A dinner several summers ago, with my brother Michael, at the home of one of his well-known senior colleagues at an Ivy League institution. The elegant house matched the man: both were monumental. Intricate masks were precisely placed all around. The soaring conversation helped cement my sense that anthropology was indeed the correct vocation for me. After several hours, Michael and I descended the sculpted driveway and strolled up the street past impressive properties, marveling at the many worlds our gracious host had crossed. Just as we neared the end of the block, I noticed a car approaching from the opposite direction. It swerved into the wrong lane and flirted with the edge of the sidewalk where we now stood still. A college-aged white man leaned out of the window and yelled, “Get out of here, you damn gorillas.” Then the car screeched off.

When I was in graduate school, once or twice a year at least, I was hit with an instance of blatant, unabashed, Bull Conner–style racism. This wasn’t simply some working-class white supremacist aggression. It was something more complex. One moment, I was visiting a friend from graduate school overseas while she was doing fieldwork. The next, I was handcuffed in a barren room at the airport, being detained by Homeland Security on the way home.

One moment, I was at a bar, casually chatting with a young white woman. The next, she is telling me that she is currently in the police academy, learning how to kill people like me.

I have countless stories like this: this kind of racism has been happening all my life. But explicit racism hit me like a splash of cold water when I was getting my PhD, I think, because of these juxtapositions: on the very same night that I was in the presence of a world-famous academic, sipping wine and getting advice about my dissertation, someone was calling me a nigger and threatening to mow me down. Soon, I learned to anticipate these nigger moments. Over time, I came to understand them as reminders to remember not to forget.
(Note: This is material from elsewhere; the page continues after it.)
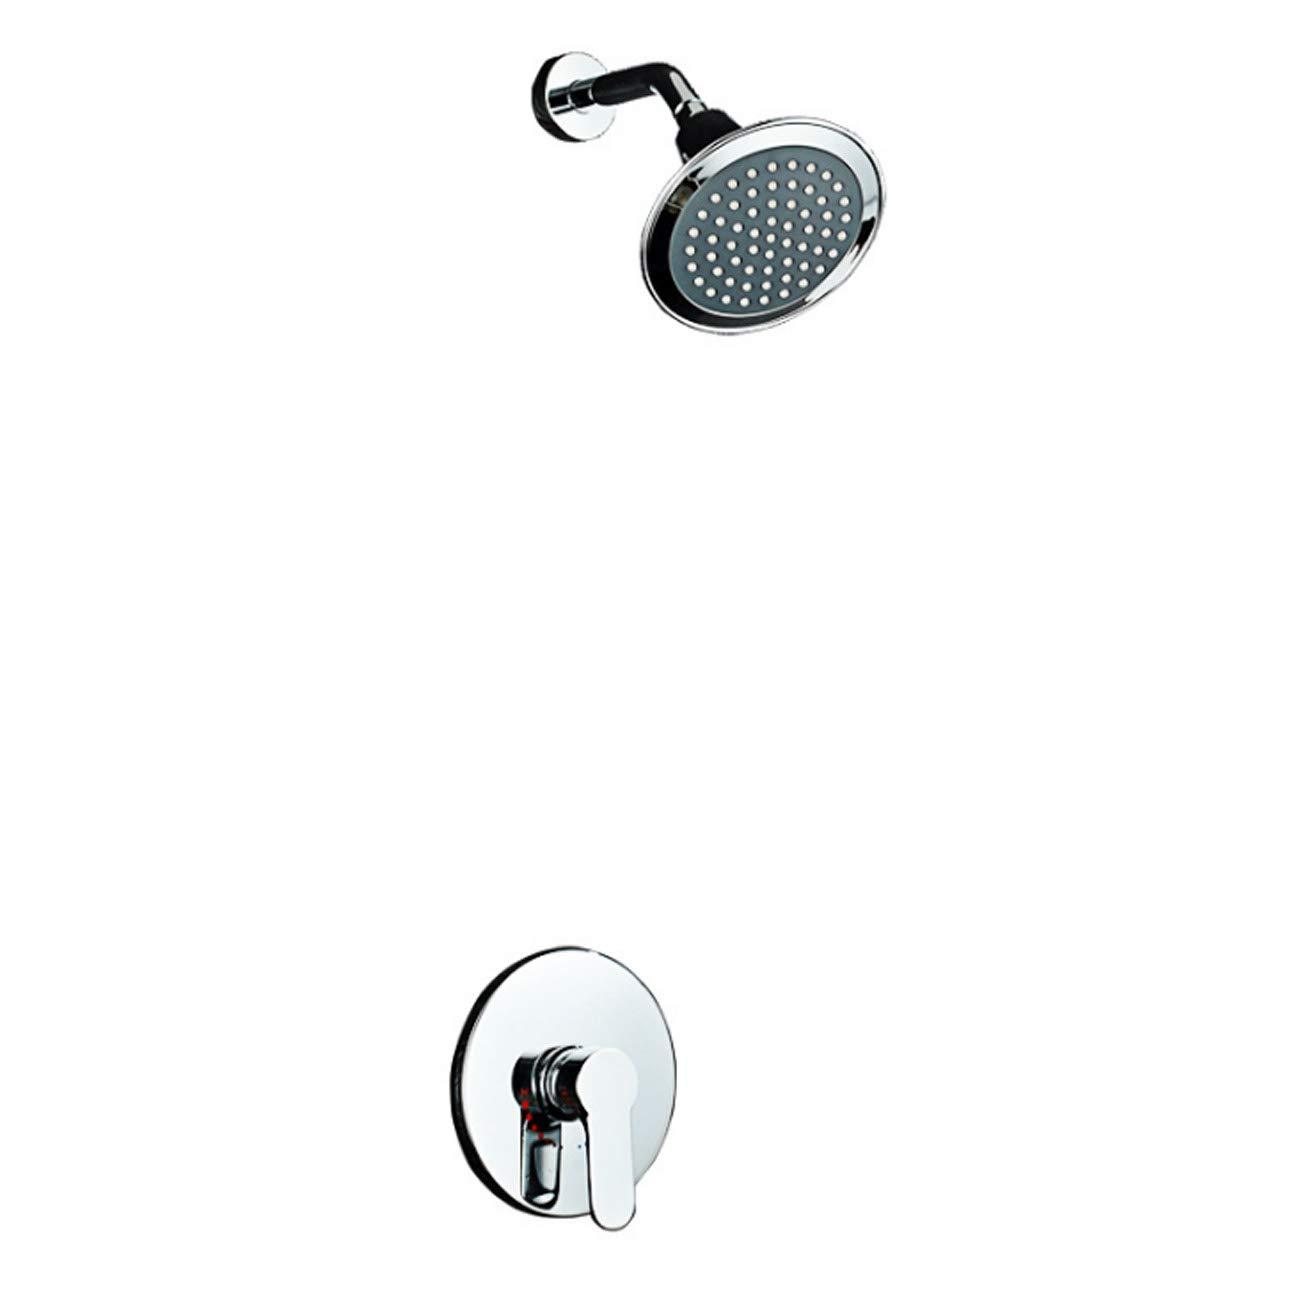 人気の ホテルのジムシャワーの蛇口のための ABS Embeddedbox ホーントップシャワー付きの浴室シンプルな隠しシャワーシステムのための隠された壁マウントシャワーミキサーセット,Embeddedbox Embeddedbox ABS B07P5BZZN8 B07P5BZZN8, 盛岡じゃじゃめん白龍:2e3ef7f9 --- arianechie.dominiotemporario.com

At the Millions March NYC, 2014
At the Millions March NYC, 2014. Photo by B. C. Lorio.

Other kinds of nigger moments continue to take a toll. Because of the lack of faculty of color in the elite spaces where I have worked, I am frequently expected to act as an expert on my own and other ethnic and racial groups. When a racially charged incident happens on campus, I find myself among the few faculty of color called upon to quell students’ or the surrounding community’s concerns. I have been celebrated by my colleagues for this mentorship and care, but within that praise was a subtle form of pressure.
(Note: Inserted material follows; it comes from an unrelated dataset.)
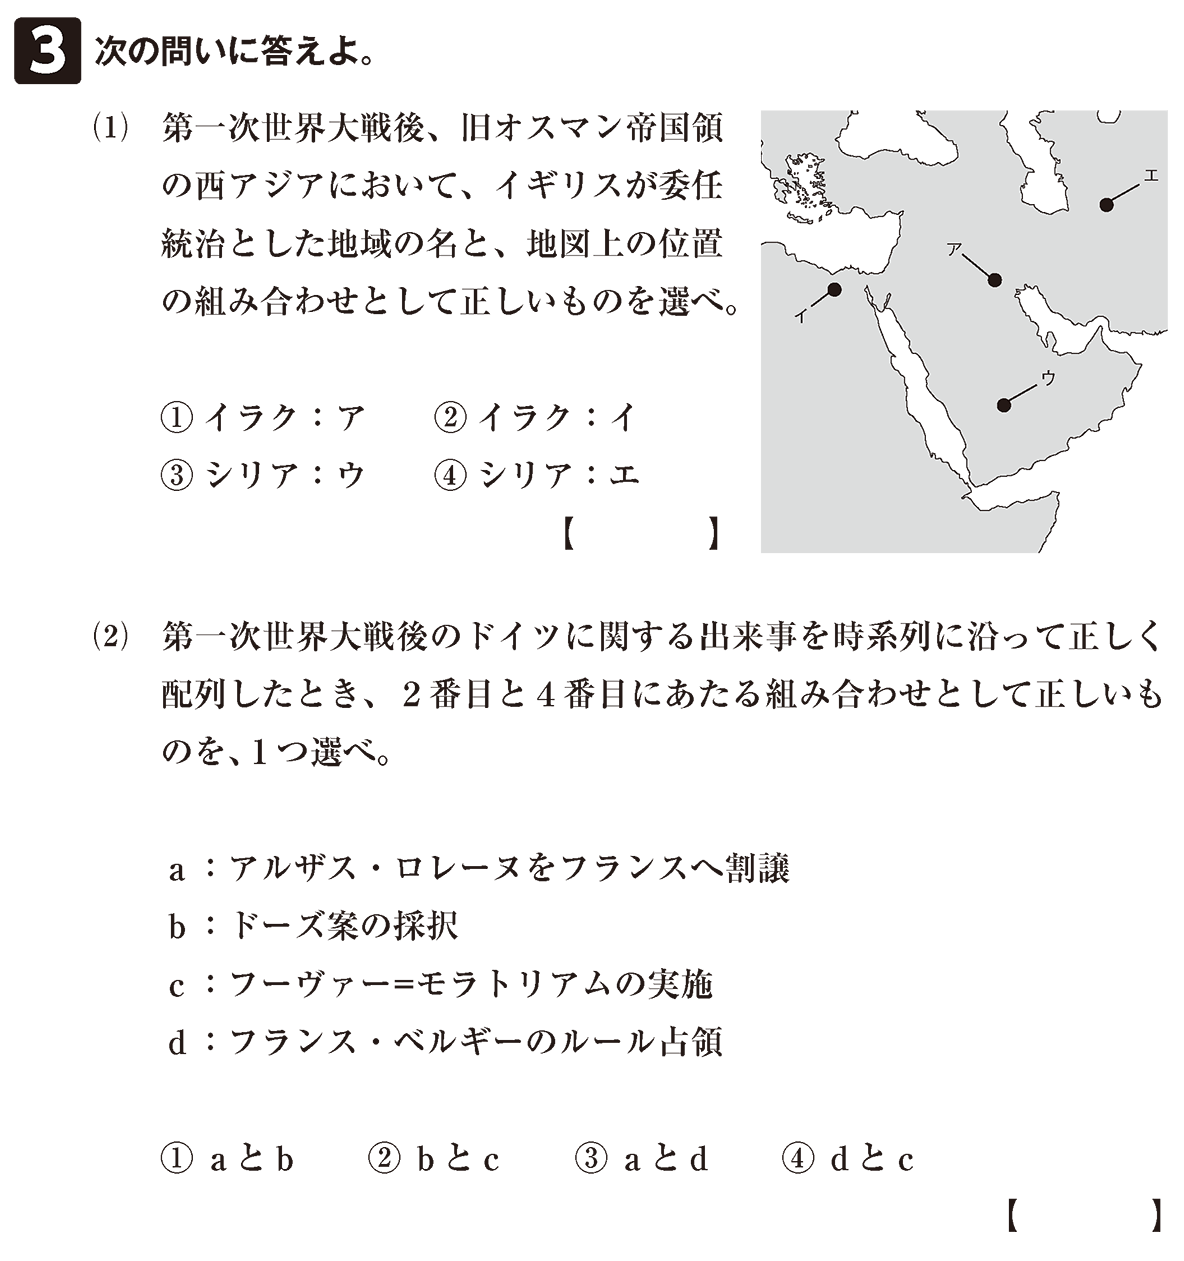 ヴェルサイユ体制とワシントン体制6 確認テスト(後半)

Once when I was an undergraduate, my history professor showed us a lynching photo. The kind that in the early 1900s were used as postcards, circulating like coupons and collected like stamps. The professor removed the image from a folder without saying anything and projected it on the screen. A Black teenager named Jesse Washington dangled lifeless from a tree. He was lynched in Waco, Texas, accused of raping a White woman.

While looking at that picture, a long, tense shiver took hold of me, shooting up through my feet from the floor. What I felt was different from physical violence, but I felt it intensely, a queasy feeling made of despair, rage, and gnawing resentment. I could feel a glimmer of what some Black tourist, visiting the South circa 1915, might have felt when she walked into a store and saw that image perched on a news stand. Even then, I knew that the death of someone who is devalued can spark a variety of responses: sadness and shame, mocking and mourning. I was the only Black person in class that day, and therefore had the added anxiety of anticipating responses from my classmates. During the discussion, I took solace in the fact that other students were likewise sickened, not merely by the image of Washington’s body, but also by those hundreds in attendance who couldn’t contain their smiles while pointing at that poplar tree.

One white student abruptly turned away. It disturbed her too much, she said. But her reaction wasn’t based on the same feeling I had. She feared that one of the white faces in the crowd might be familiar to her. It could be one of her relatives, she said.

Just then I realized: the way we understood race lay between us like a chasm. I wondered if that chasm could ever be bridged.

If Baldwin is correct in saying that those invested in maintaining white property and privilege need the nigger, then we should ask what the nigger is needed for today. Does the president-elect need the nigger? What will nigger moments look like during the next four years? Ready or not, we’re about to find out.